# Loud tractor noise from engine



## jonnyl888 (Dec 10, 2012)

Hi, after a long hard drive today there is suddenly a rattling noise coming from the back of the engine, sounding like an exhaust leak. When I bought my TT in nov, it made a similar but quieter sound only above 3000 rpm when the turbo would kick in. However after ragging it today, the noise has gotten louder and occurs at around 2000 rpm. Initially I thought the worst and believed a bearing in the turbo had gone. But after driving it a bit more, my boost gauge is reading fine. Giving max boost of 1 bar. Which means the turbo is running fine... Anyone any ideas? Gonna have a look at it tomorrow, just wanna know what to look out for.

Thanks


----------



## NotFromSomerset (Nov 11, 2012)

Sounds like the heat shield has come loose under the car.
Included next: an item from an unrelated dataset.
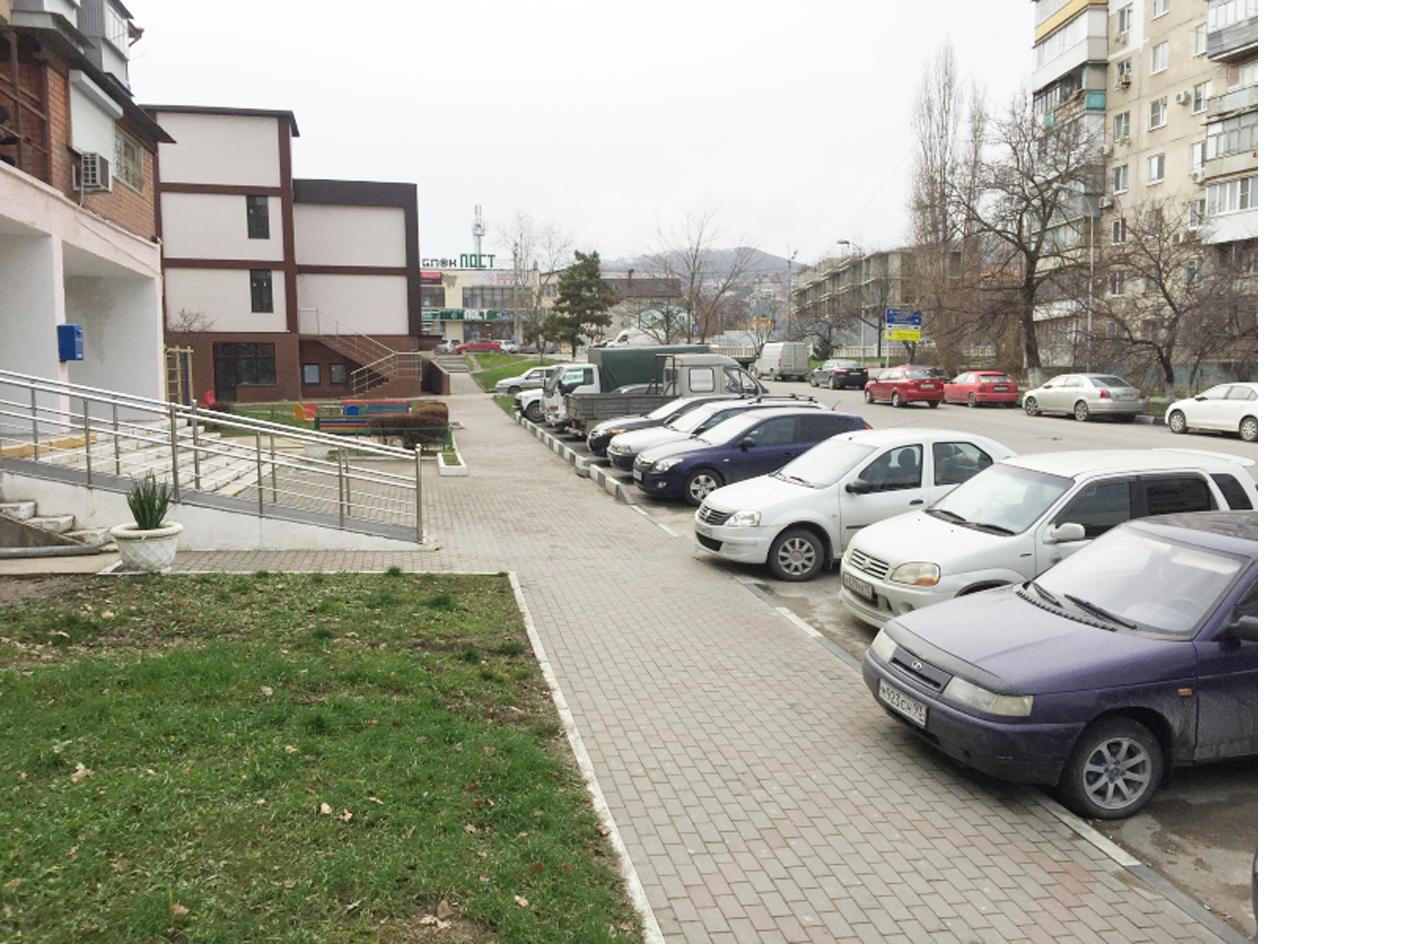 Активисты ОНФ выявили в малых городах Кубани проблемы с организацией парковочных мест

Common problem. Get the front jacked up and rip it out


----------



## V6RUL (May 28, 2009)

+1 visual inspection required.
Steve


----------



## jonnyl888 (Dec 10, 2012)

Gonna have a look at it today after lunch, it's not so much a rattling. Sounds like a tractor...


----------



## jonnyl888 (Dec 10, 2012)

Hi,

Ok so was under my car for 5 hours today, and couldn't find anything. Except some oil on the base of the oil sump and transmission which I don't know is new or old oil from messy oil changes etc. There doesnt seem to be an oil leak on the ground. The exhaust looks fine, there is no heatshield on the cat. Since I bought the car it has been consuming oil, whether it is burning it or leaking somewhere I don't know.

On Monday I took the car out for a drive when suddenly oil pressure light came on. I drove it gently for about a mile where I could safely stop and quickly topped up. Since then, the tractor noise has gradually gotten louder until 2 days ago when it could be heard on idle, and even worse when revving. However the turbo is fine, and can run at 1 bar boost.

Does anything have any idea or experienced anything like it before. I hope it's just an exhaust leaking but I can't tell. If the turbo was starting to fail, I wouldn't get full boost would I? How do I go about checking whether the turbo oil feed pipe is blocked?

I'm going to upload a video of the sound, for anyone to relate to.

P.S. I want to leave going to a garage as a last resort as I'm a bit tight on cash right now. So I would rather pin point the problem first before paying anyone to check it.

Thanks


----------



## Hoggy (May 8, 2002)

Hi Jonny, when did you last check oil level before the alarm came up. 
I would get the oil pressure checked as oil pressure may be low, not low enough to bring up alarm but low enough to cause extra wear & rattle. Sump off next I would think,to check sump strainer @ least.
Hoggy.


----------



## jonnyl888 (Dec 10, 2012)

I check it every two weeks or before long journeys. If I really floor it, the oil will drop quicker.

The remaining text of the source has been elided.